Джерри знал, почему его мать не бросилась вслед за ним в воду. Соленое море, как и лагуны, ведущие к нему, было табу. Слова «табу» не было в словаре Джерри. Но смысл или значение его он отчетливо сознавал. Он смутно, неясно, но твердо знал, что входить в воду для собак не только нехорошо, но и в высшей степени опасно, что такая смелость может повлечь за собой исчезновение собаки: в воде скользили, бесшумно двигались, иногда по поверхности, иногда выплывая со дна, большие чешуйчатые чудовища с огромными зубастыми челюстями; они утаскивали в глубину и глотали собаку с такой же быстротой, как куры мистера Хаггина клевали зерна.
Часто он слыхал, как его отец и мать, сидя в безопасности на берегу, с ненавистью лаяли на этих страшных обитателей моря, когда те появлялись на поверхности воды у самого берега, напоминая плавучие бревна. Слова «крокодил» не было в словаре Джерри. Крокодил был образом — образом плавучего бревна, отличавшегося от всякого другого бревна тем, что оно было живое. Джерри слышал, запоминал и узнавал много слов, и ему они служили тем же орудием мысли, что и человеку, хотя он, не наделенный даром членораздельной речи, не мог этих слов выговорить. Тем не менее в процессе мышления он пользовался образами так же, как люди пользуются словами. В конце концов и человек в процессе мышления поневоле прибегает к образам, которые соответствуют словам и дополняют их.
Быть может, в мозгу Джерри образ плавучего бревна был теснее и полнее связан с самим предметом, чем слово «крокодил» и сопутствующий ему образ в сознании человека. Ибо Джерри действительно знал о крокодилах больше, чем знают люди. Он мог почуять запах крокодила на большем расстоянии и более отчетливо, чем любой человек, даже негр-островитянин или житель лесов. Он знал, когда крокодил, вылезший из лагуны, лежит неподвижно и, быть может, спит в тростнике джунглей на расстоянии сотни футов.
О языке крокодилов он знал больше, чем знает любой человек. У него было больше способов и возможностей изучить его. Он знал издаваемые ими разнообразные звуки, похожие на хрюканье и потрескивание. Он узнавал по этим звукам, когда крокодилы сердятся или испуганы, голодны или ищут любви. И эти звуки в его словаре занимали такое же определенное место, как слова в словаре человека. Они служили ему орудием мысли. По ним он взвешивал, решал и определял свое собственное поведение, как это делает каждый человек, или, подобно человеку, лениво отказывался от какого-либо действия и только отмечал и запоминал, что вокруг него происходило и не требовало с его стороны никакого соответствующего поступка.
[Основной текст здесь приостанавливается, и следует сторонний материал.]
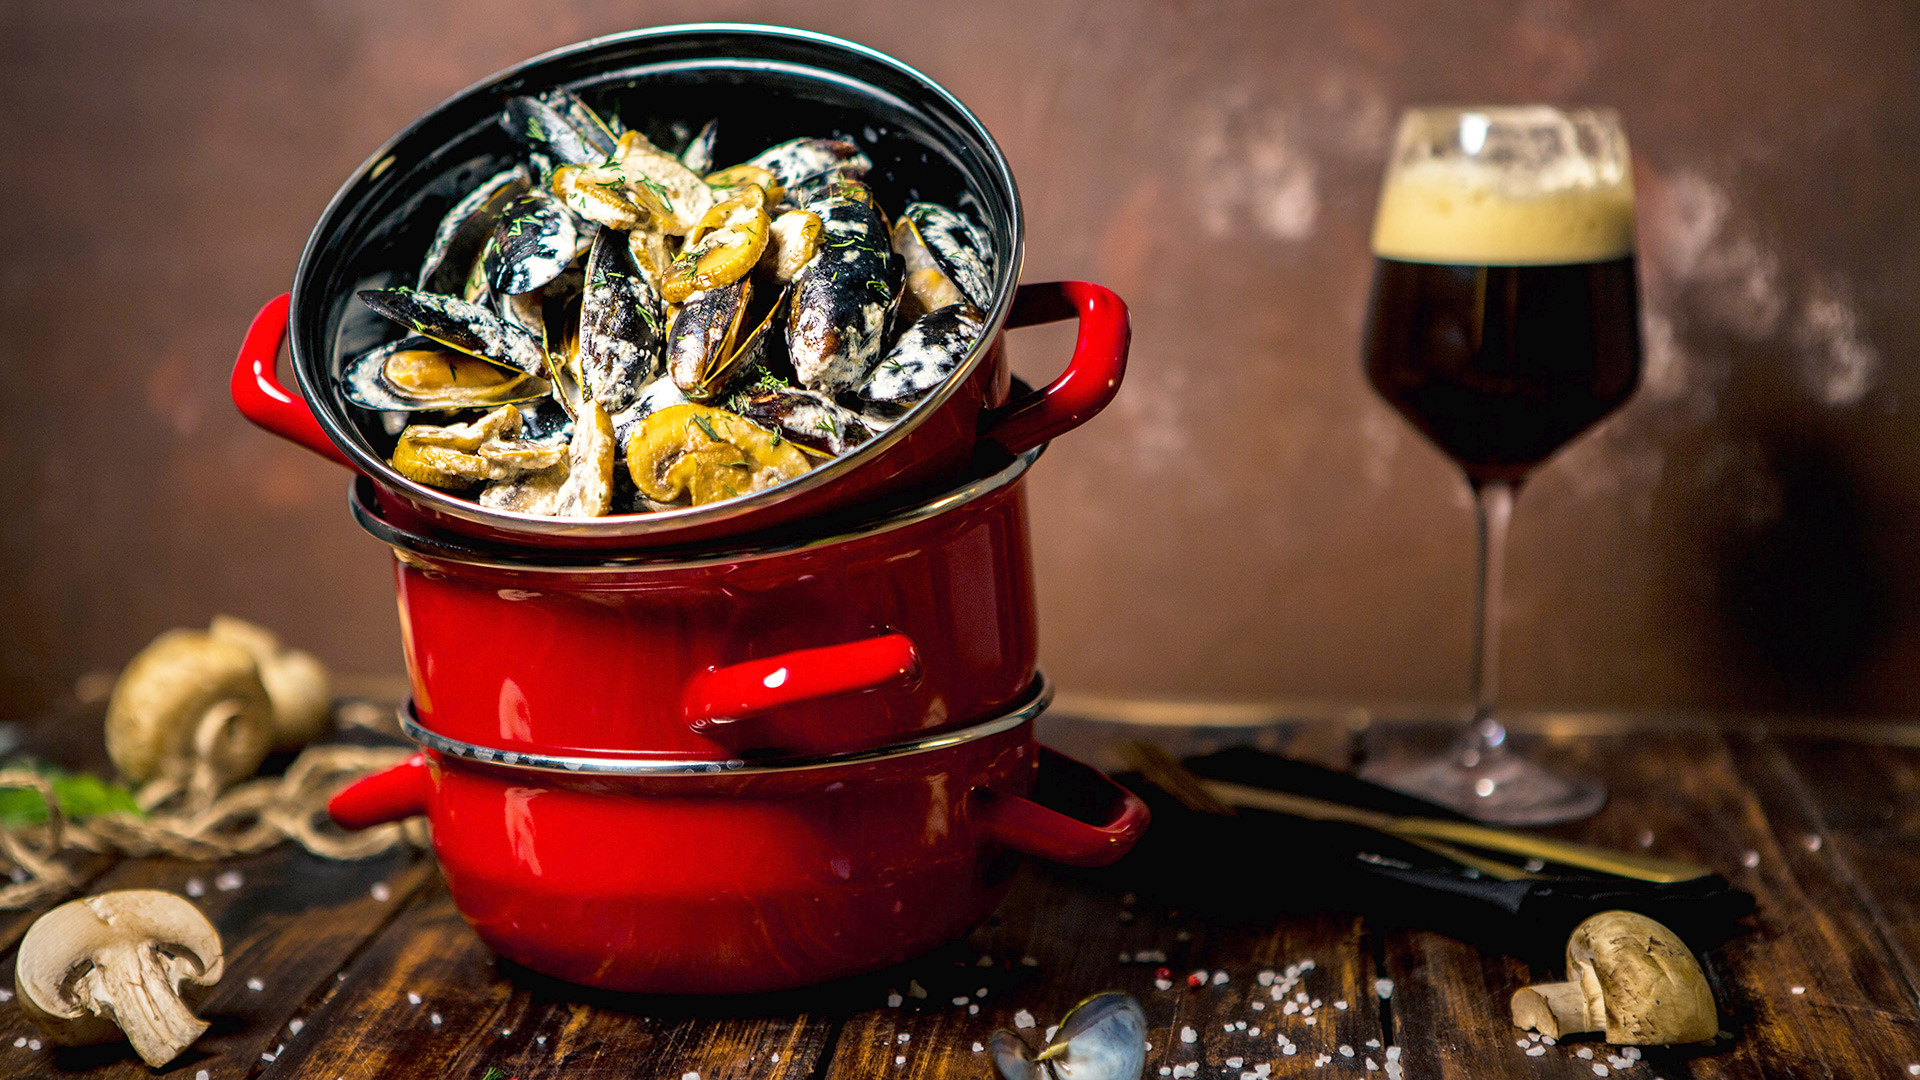 You’ll find mussels in 33 different sauces in Mollusca

И все же очень многого Джерри не знал. Он не знал величины земного шара. Он не знал, что лагуна Мериндж, окаймленная сзади высокими, поросшими лесом горами, а спереди прикрытая коралловыми островками, отнюдь не была всей вселенной. Он не знал, что она являлась лишь частью большого острова Изабеллы. А Изабелла была лишь одним — и даже не самым большим — из тысячи образующих группу Соломоновых островов, которую люди обозначали на картах скоплением пятнышек в юго-западной части Тихого океана.